I know I'm going to need to go back with the SF4000 and a black fin cut to remove the holograming but there was just no sun to check today.

My advice to any one thinking about wet sanding. Wet sanding is easy. The machine polishing after is the hardest part. If you're confident at machine polishing you can wet sand out orange peel. Just practice on an old panel like I did to boost your confidence.

I'm extremely happy with the results. It's turned a complete downer around  My dad's not seen it yet but I'm sure he'll be over the moon.


----------



## realist (May 11, 2011)

Nice work but not a good colour match with the wings was it:lol:


----------



## sprocketser (Aug 4, 2012)

Great job , lots of colors in there !


----------



## ShaunaFTW (Nov 9, 2014)

That's an awesome job! I've never got the deal with the multi coloured polos haha


----------



## Kimo (Jun 7, 2013)

Is that a genuine harlequin?

Ugly as hell but price is starting to get better on them


----------



## MadOnVaux! (Jun 2, 2008)

Didnt they do the Mk3 Golf too?....i've always wondered what colour the main shell is, in the door shuts etc....same as the roof at a guess?


----------



## Sicskate (Oct 3, 2012)

Looking good. 

I've always thought they were all the same, but after a quick google it seems they did different combos of colours.


----------



## ChristinaGXL (Jul 9, 2015)

Hope it stays all shiny! My last cortina had some dodgy paint done on the bonnet and bootlid and a few days after I wet sanded and polished it, it was all orange peeled again. They hadn't put enough hardener in the paint.


----------



## VdoubleU (Oct 15, 2012)

MadOnVaux! said:


> Didnt they do the Mk3 Golf too?....i've always wondered what colour the main shell is, in the door shuts etc....same as the roof at a guess?

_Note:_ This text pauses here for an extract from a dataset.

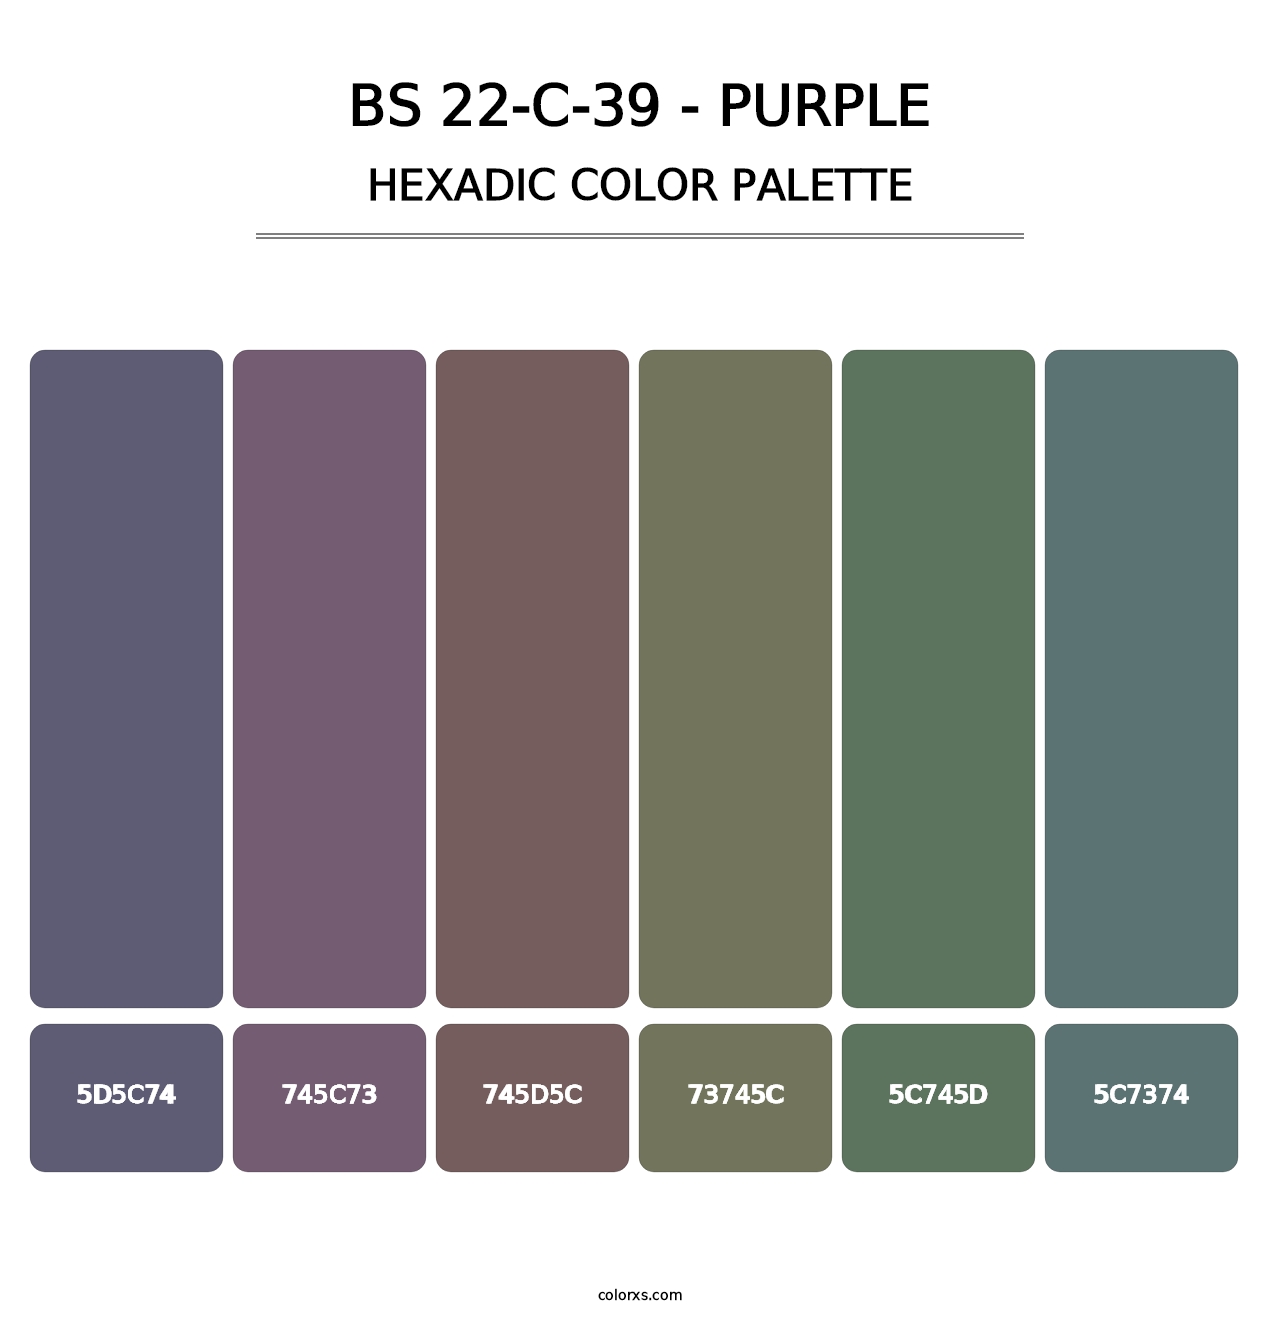 BS 22-C-39 - Purple - Hexadic Color Palette

Yes they did in America. The door shuts + hinges are the same colour as the roof and rear quarter. They made full colour cars then took them off the production line and swapped the panels around 



ChristinaGXL said:


> Hope it stays all shiny! My last cortina had some dodgy paint done on the bonnet and bootlid and a few days after I wet sanded and polished it, it was all orange peeled again. They hadn't put enough hardener in the paint.


So do I! The painter has good reviews and does a lot of local classics (mainly minis) so I'm holding out hope  Worst comes to worst we can have the one panel resprayed any way, don't have to worry to much about colour match :lol:

Thanks for all the nice comments though  Very happy (and a bit surprise) with how it turned out! The harlequin is a marmite car but we love it. It's definitely not a car for shy people though!


----------



## MadOnVaux! (Jun 2, 2008)

also, what the hell do you put down as colour for the Insurance??? ha ha


----------



## JwilliamsM (Dec 20, 2011)

MadOnVaux! said:


> Didnt they do the Mk3 Golf too?....i've always wondered what colour the main shell is, in the door shuts etc....same as the roof at a guess?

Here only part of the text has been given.